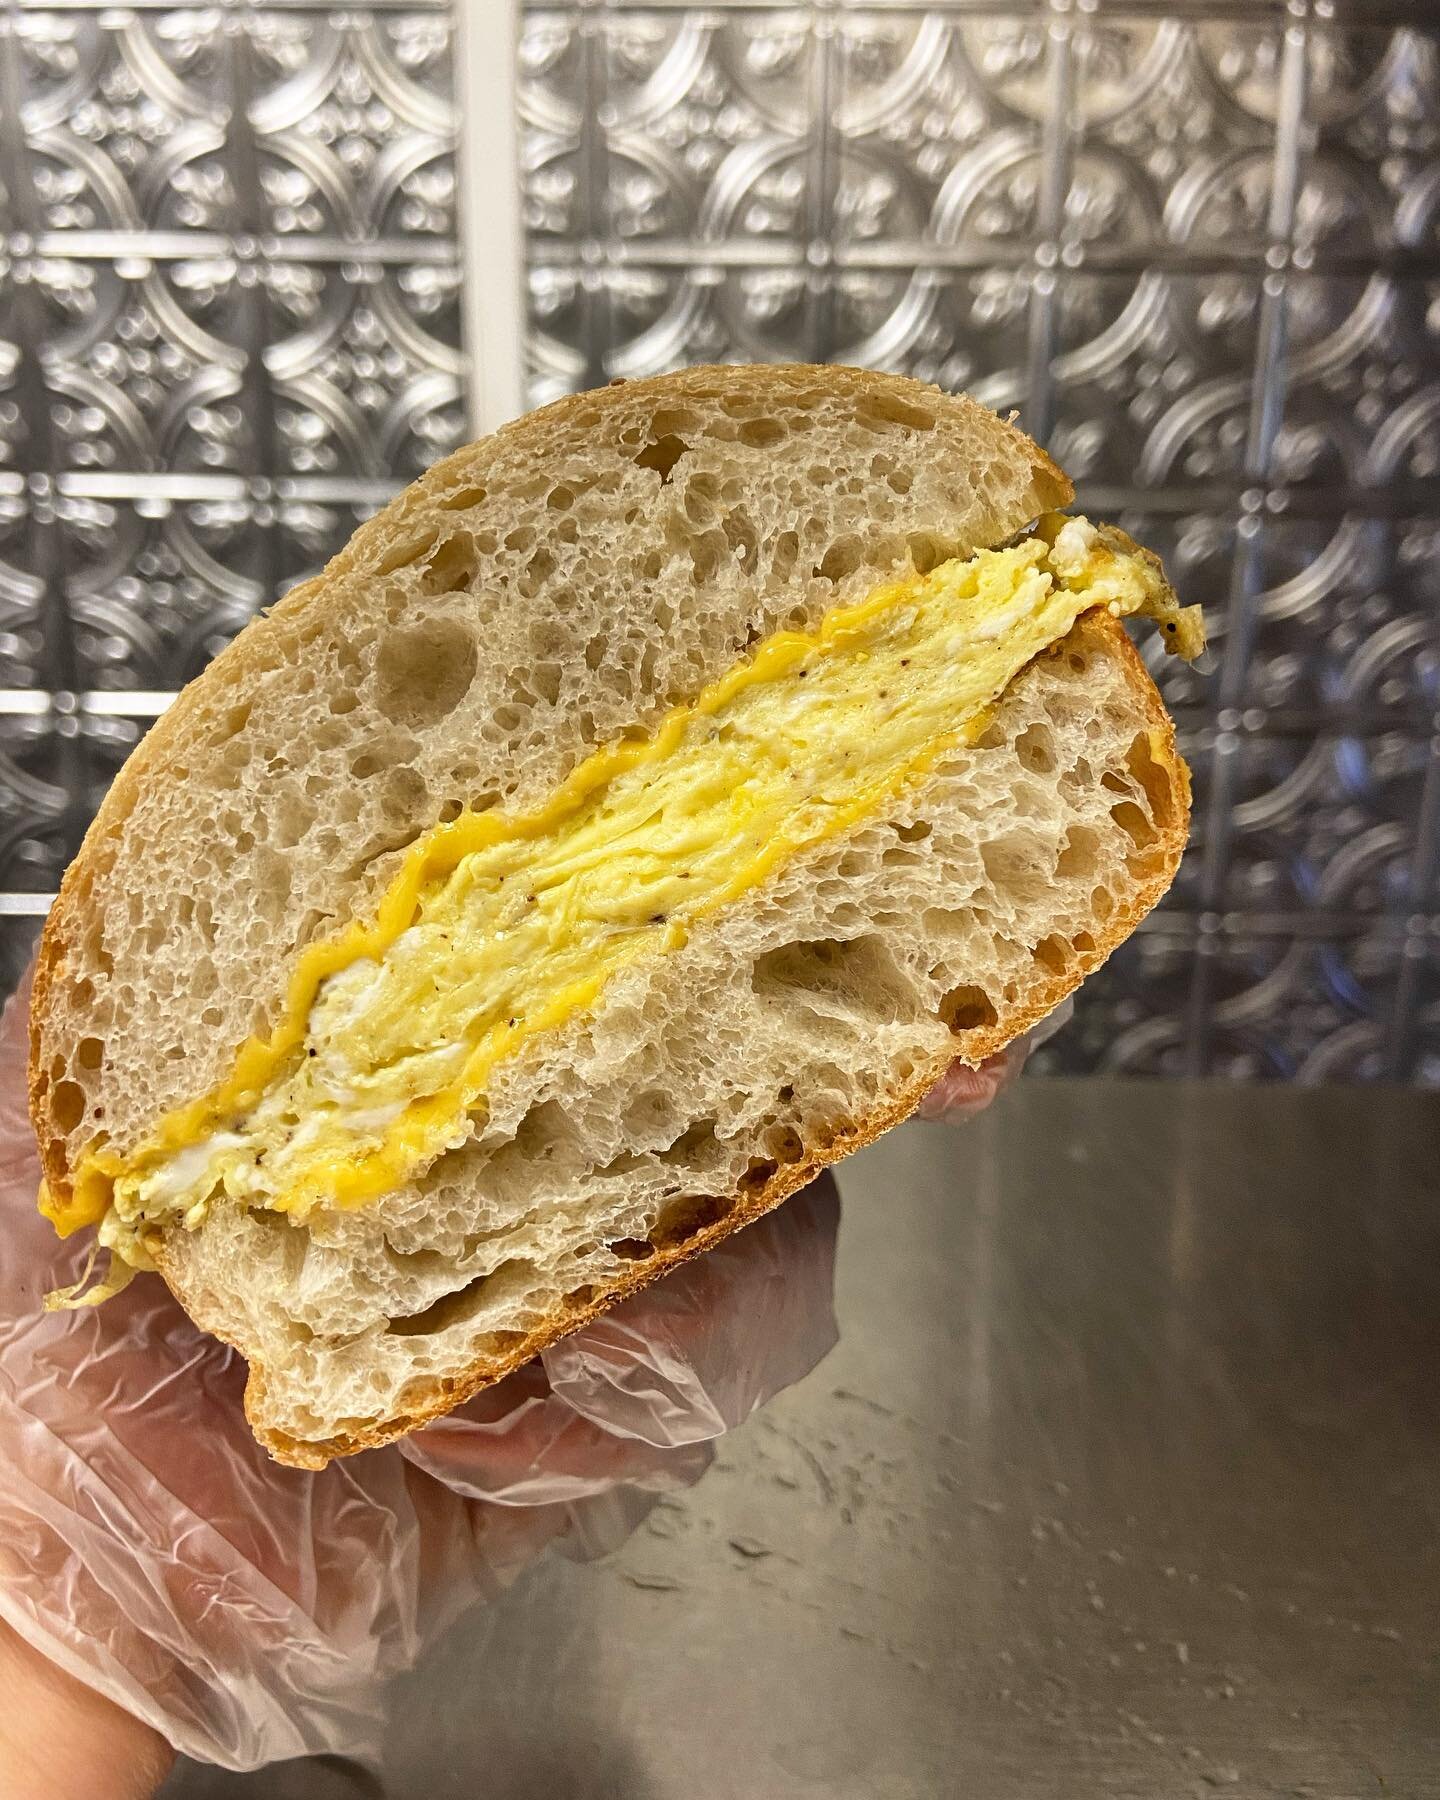 Sunday morning perfection #truesalvagecafe #cafe #bakery #chefsigne #eggsandwich #eggandcheese #mapso #soma #maplewoodnj #southorangenj #njeats #njcafe #breakfast #weekendvibes #eatlocalnj #smallbusiness #yum #foodgram #foodpic #sandwich
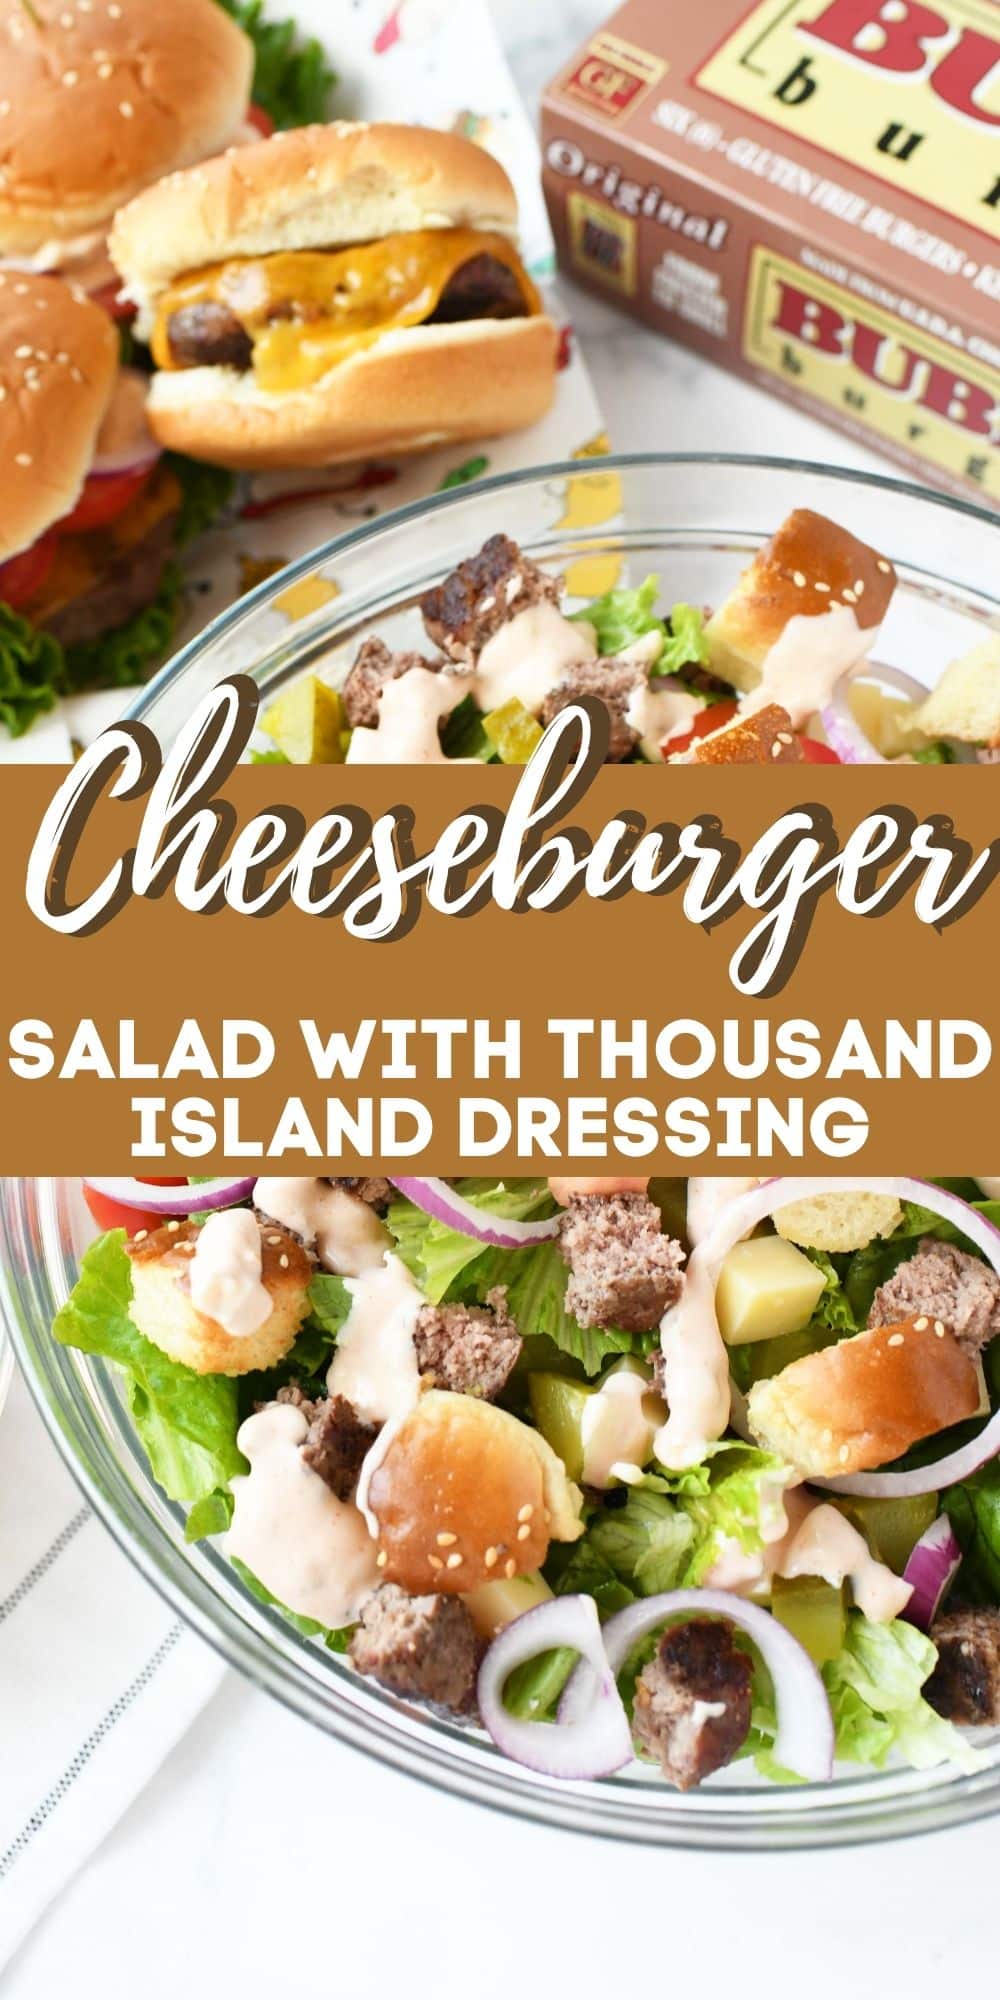 Cheeseburger Salad with Thousand Island Dressing
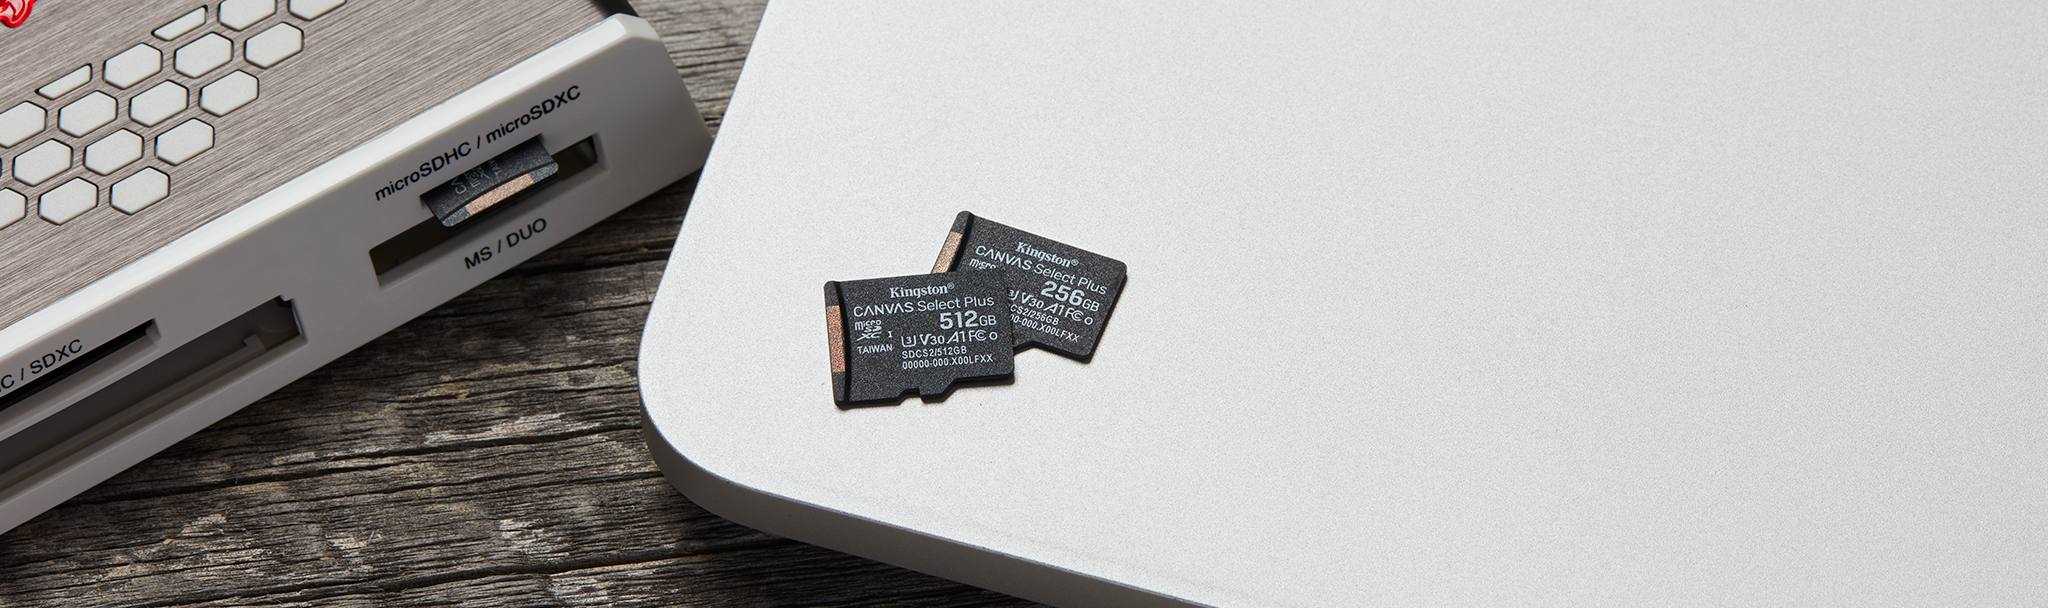 100MBs Works with Kingston Kingston 64GB HTC U12 Life MicroSDXC Canvas Select Plus Card Verified by SanFlash.

EXERCISE INSTRUCTIONS: Exactly those lines that run from the line holding "Cheeseburger Salad with" to the end of the listing above, both included, are to be reproduced, with pictures left out.

TASK SOLUTION:
 Cheeseburger Salad with Thousand Island Dressing
 100MBs Works with Kingston Kingston 64GB HTC U12 Life MicroSDXC Canvas Select Plus Card Verified by SanFlash.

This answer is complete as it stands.